◆ **WHAT YOU WILL DO**
Write out all the data verbatim. Skip images.

◆ **EXERCISE DATA**

---+---

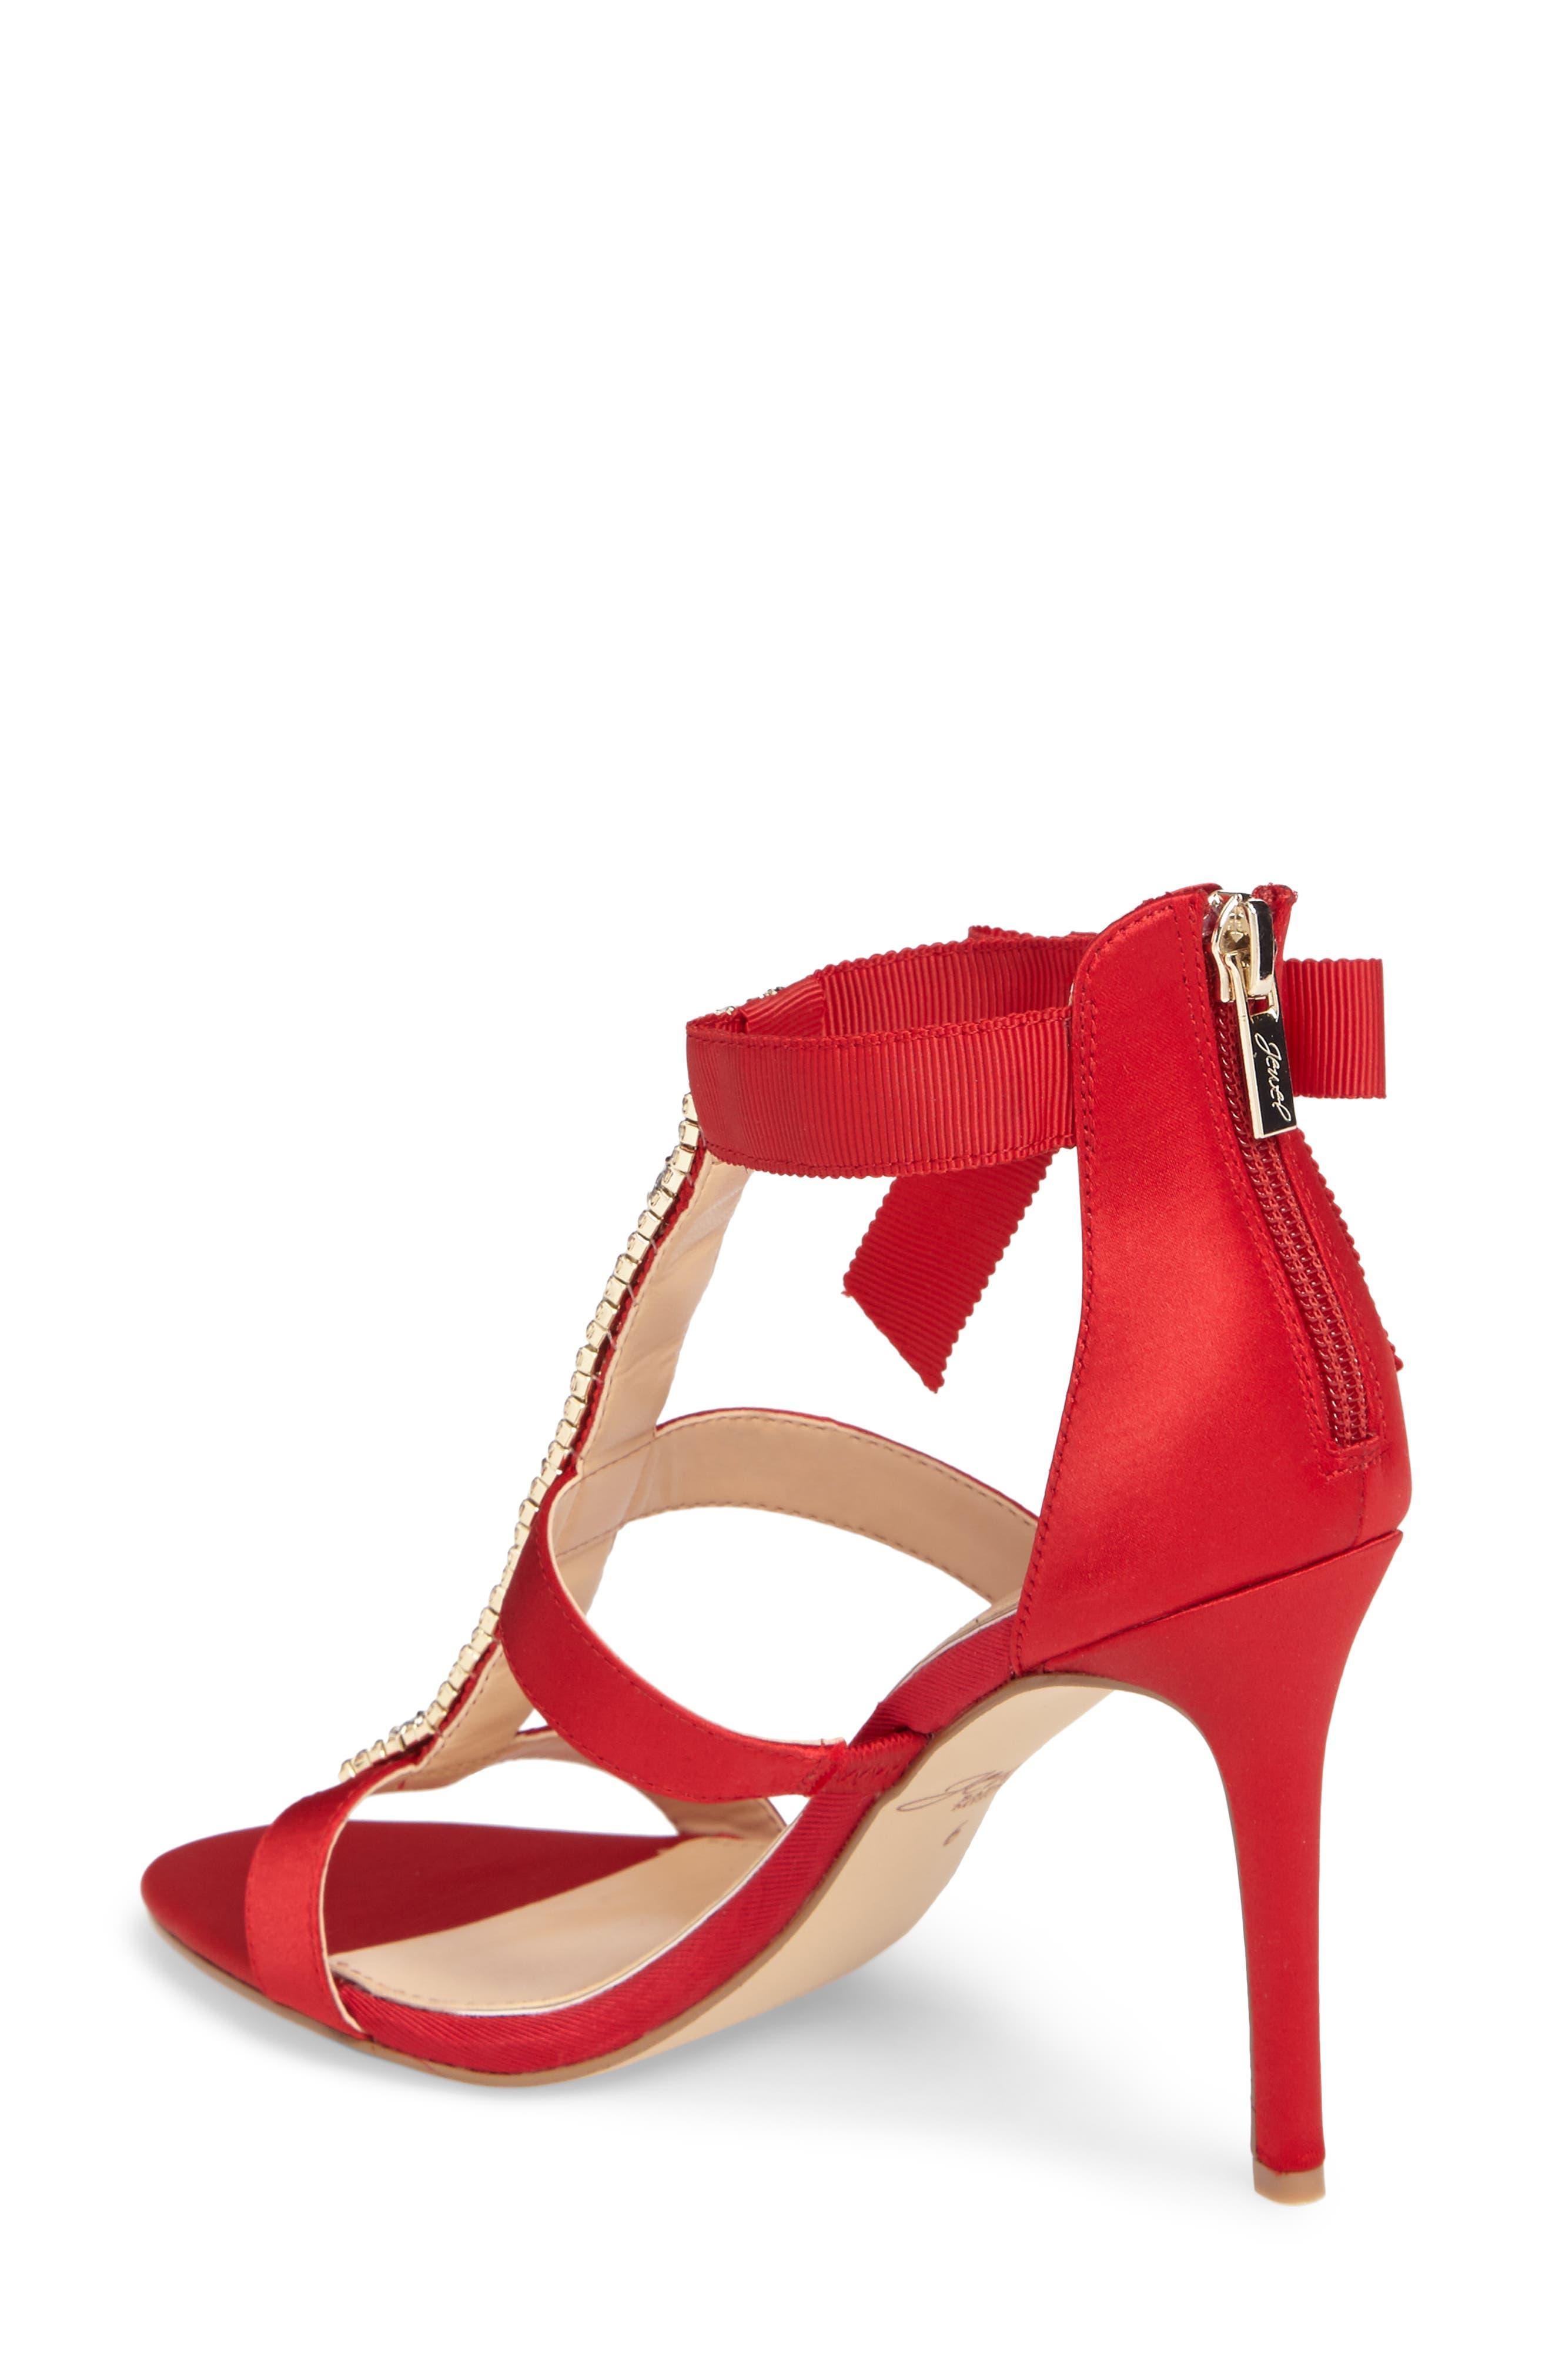 Henderson Embellished Bow Sandal,                             Alternate thumbnail 2, color,                             Red Satin
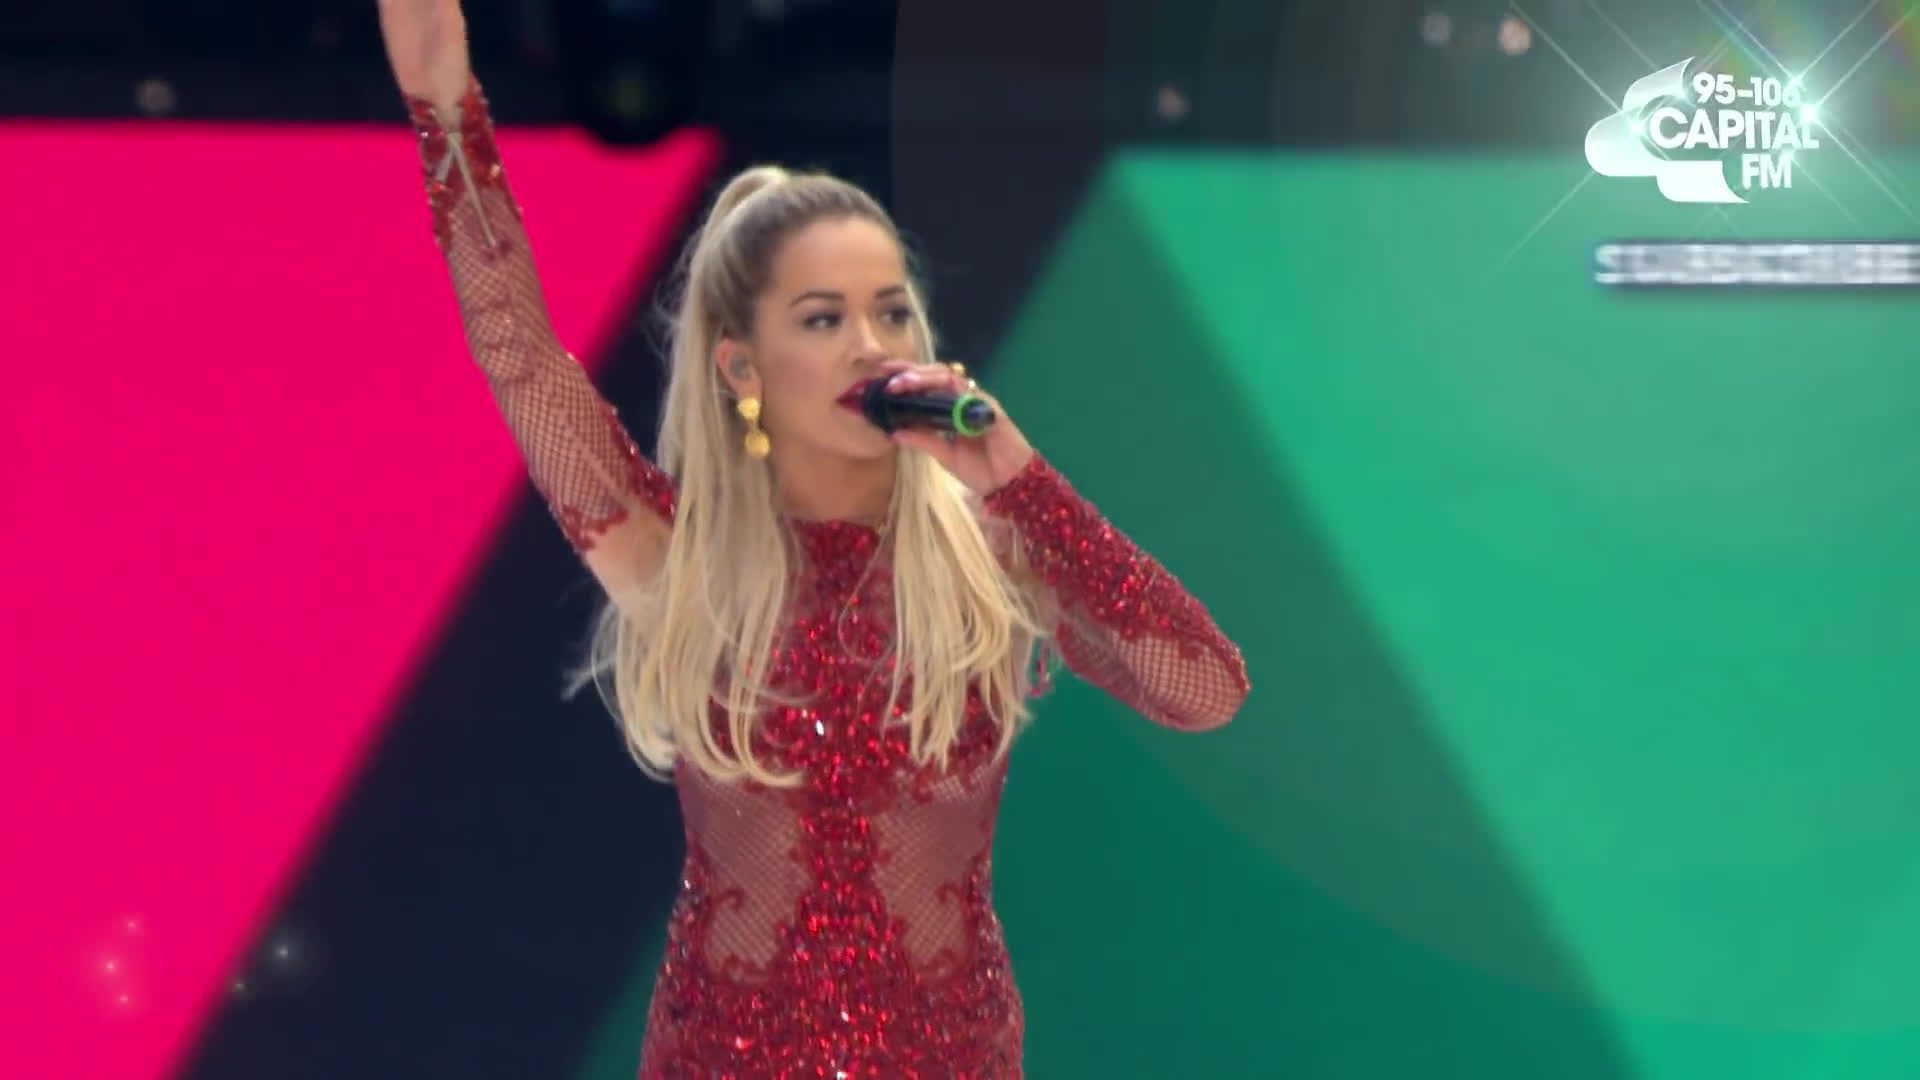 capital, capital fm, capitalfmofficial, Rita Ora - I Will Never Let You Down (Summertime Ball 2014) GIFs
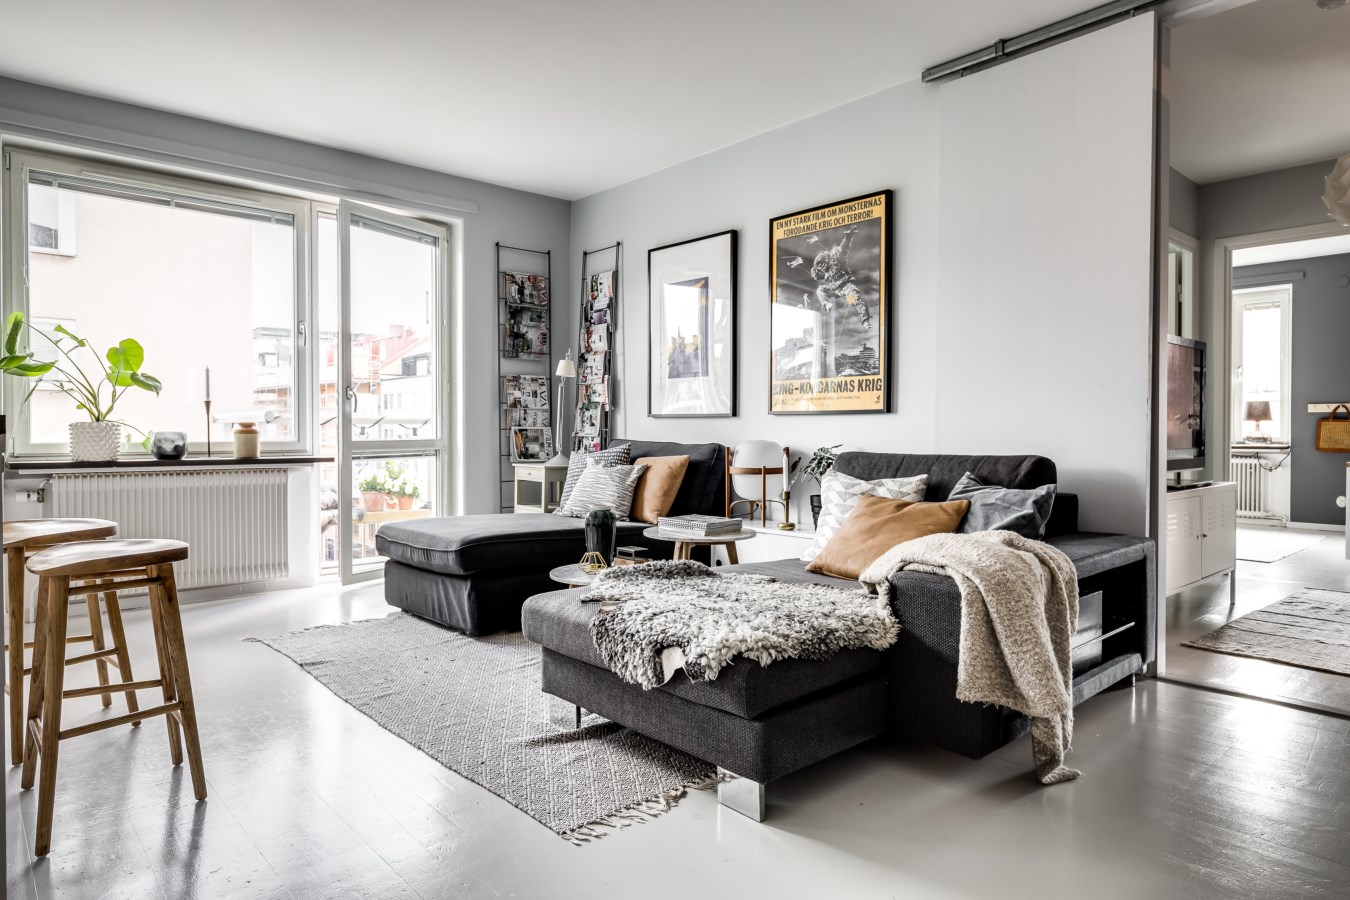 гостиная диван подушки ковер

---+---

◆ **OUTPUT OF THE EXERCISE**
 Henderson Embellished Bow Sandal,                             Alternate thumbnail 2, color,                             Red Satin
 capital, capital fm, capitalfmofficial, Rita Ora - I Will Never Let You Down (Summertime Ball 2014) GIFs
 гостиная диван подушки ковер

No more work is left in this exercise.